The last function to create unit tests for is list?
which tests for non-empty lists:
test('list?', () {
expect(eval(['list?', ['!', [1, 2]]], R), equals(true));
expect(eval(['list?', ['cons', 1, []]], R), equals(true));
expect(eval(['list?', []], R), equals(false));
expect(eval(['list?', false], R), equals(false));
expect(eval(['list?', 0], R), equals(false));
expect(eval(['list?', ['!', 'a']], R), equals(false));
expect(() => eval(['list?'], R), throwsError);
});
Right now, my implementation needs only 670 characters — including all whitespace that could (and probably should) be stripped for a fair measurement. This feels good.
Conditionals
Let’s implement the next special form: cond
(or ?
as I call it).
But before that, I introduce a variant of eval
called evalN
which evaluates a sequence of expressions and which returns the result of the last evaluation. Without S-expressions, nil
is returned.
evalN(Iterable e, Map r) {
return e.fold([], (_, e) => eval(e, r));
}
The ?
special form will take any number of S-expressions which must be lists that start with a predicate (something that evaluates to a boolean value) and continue with any number of S-expressions which are then evaluated by evalN
. I add the code to evalList
:
evalList(List e, Map r) {
if (e[0] == '!') return e[1];
if (e[0] == '?') {
for (e in e.skip(1))
if (eval(e[0], r)) return evalN(e.skip(1), r);
return [];
}
e = e.map((e) => eval(e, r)).toList();
return e[0](e);
}
It’s funny how the unit tests are much larger than the actual implementation:
group('cond', () {
var r = {'': R, 'a': 1};
test('empty', () {
expect(eval(['?'], r), equals([]));
});
test('single true', () {
expect(eval(['?', [true, 1]], r), equals(1));
expect(eval(['?', [true]], r), equals([]));
});
test('single false', () {
expect(eval(['?', [false, 1]], r), equals([]));
expect(eval(['?', [false]], r), equals([]));
});
test('first true', () {
expect(eval(['?', [true, 1], [true, 2]], r), equals(1));
expect(eval(['?', [true, 1], [false, 2]], r), equals(1));
});
test('second true', () {
expect(eval(['?', [false, 1], [true, 2]], r), equals(2));
});
test('multiple cases', () {
expect(eval(['?',
[['=', 'a', 0], 0],
[['=', 'a', 1], 1],
[['=', 'a', 2], 2]], r), equals(1));
});
test('errors', () {
expect(() => eval(['?', 3], r), throwsError);
expect(() => eval(['?', []], r), throwsError);
});
});
BTW, I also experimented with replacing the for
loop by a clever iterable expression, but the result gets longer than the straight forward solution (mainly because of the cast I had to introduce — otherwise the Dart compiler insists in e
being of type List<String>
):
return evalN(e.cast<dynamic>().skip(1).firstWhere(
(e) => eval(e[0], r),
orElse: () => [[]]).skip(1), r);
User-Defined Functions
Let’s tackle fn
next. This returns a Dart Function
which, when called like all other built-in functions, will create a new environment chained to the environment present at the time of the definition of fn
in which the formal parameters of fn
are bound to the evaluated arguments. And because I don’t use cons cells, I don’t have improper lists and therefore cannot use the same syntax as Scheme for a rest argument. Therefore, the special parameter name &
plays this role.
The implementation is added to evalList
as before:
evalList(List e, Map r) {
...
if (e[0] == 'fn') {
var f = [e[0]] + e[1];
return (p) {
Map n = {'': r};
for (var i = 1; i < f.length; i++)
n[f[i]] = f[i] == '&' ? p.sublist(i) : p[i];
return evalN(e.skip(2), n);
};
}
e = e.map((e) => eval(e, r)).toList();
return e[0](e);
}
Instead of the for
loop, I’d love to have used something like zip(f, p)

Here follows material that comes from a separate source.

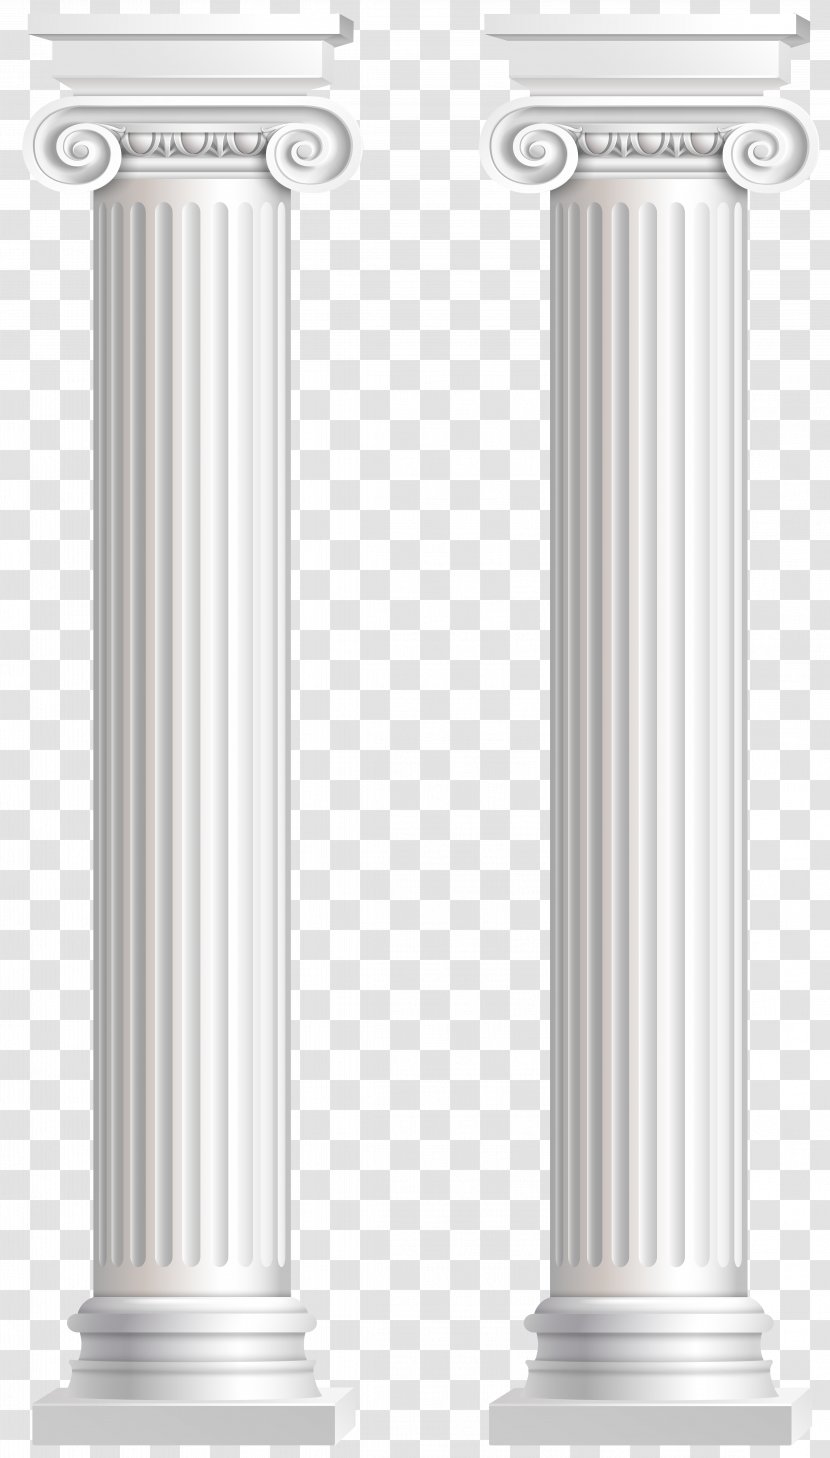 Product Cylinder Design - Column - Pillars Transparent Clip Art Image Transparent PNG

but Dart has no such function — probably because Dart has no statically typed tuple type. This makes me sad…
Let’s break it down:
e[0]
is the symbolfn
.e[1]
must be a list of formal parameters which must be symbols (not checked).f
is the list of formal parameters with a dummy first element so that it matches the arguments. I usee[0]
instead of something shorter because Dart’s type inference otherwise is too clever and mistypes my list.e[2],...
are the function’s body.r
is the defining environment.n
is the new environment that is freshly created each time the defined function is called.p
contains the arguments for such a call. Note, thatp[0]

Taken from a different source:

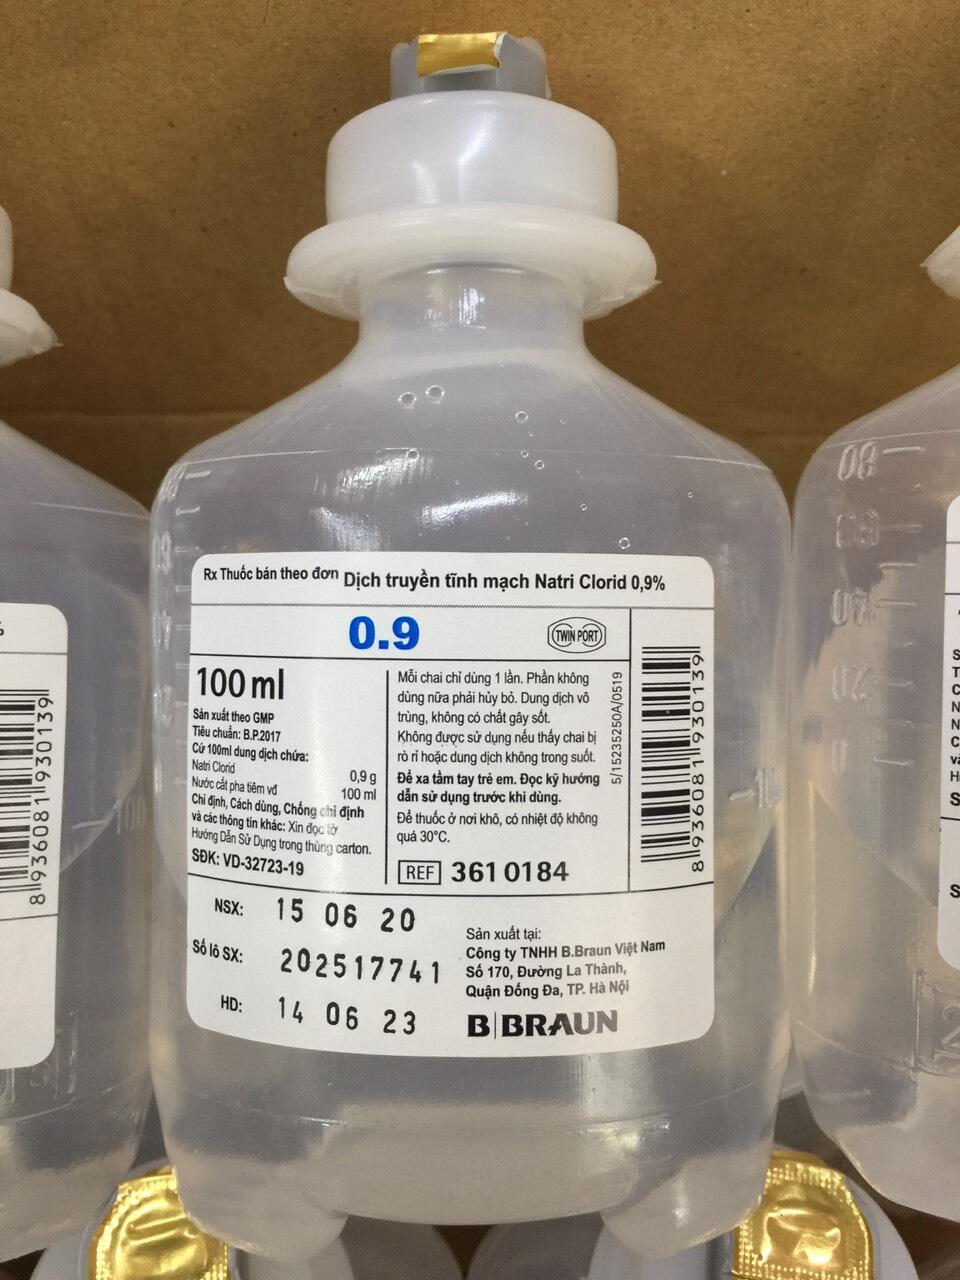 Natri clorid 0.9 có công dụng gì trong điều trị?

is the function value itself, that is, the first argument isp[1]
.- The
for
loop binds all actuals to formals. - The
&
is special cased and expected to be the last formal parameter. - I also expect to get at least as many arguments as there are formals. We could use
i < p.length ? p[i] : []
but I think, it’s better to throw an error if expected arguments are missing.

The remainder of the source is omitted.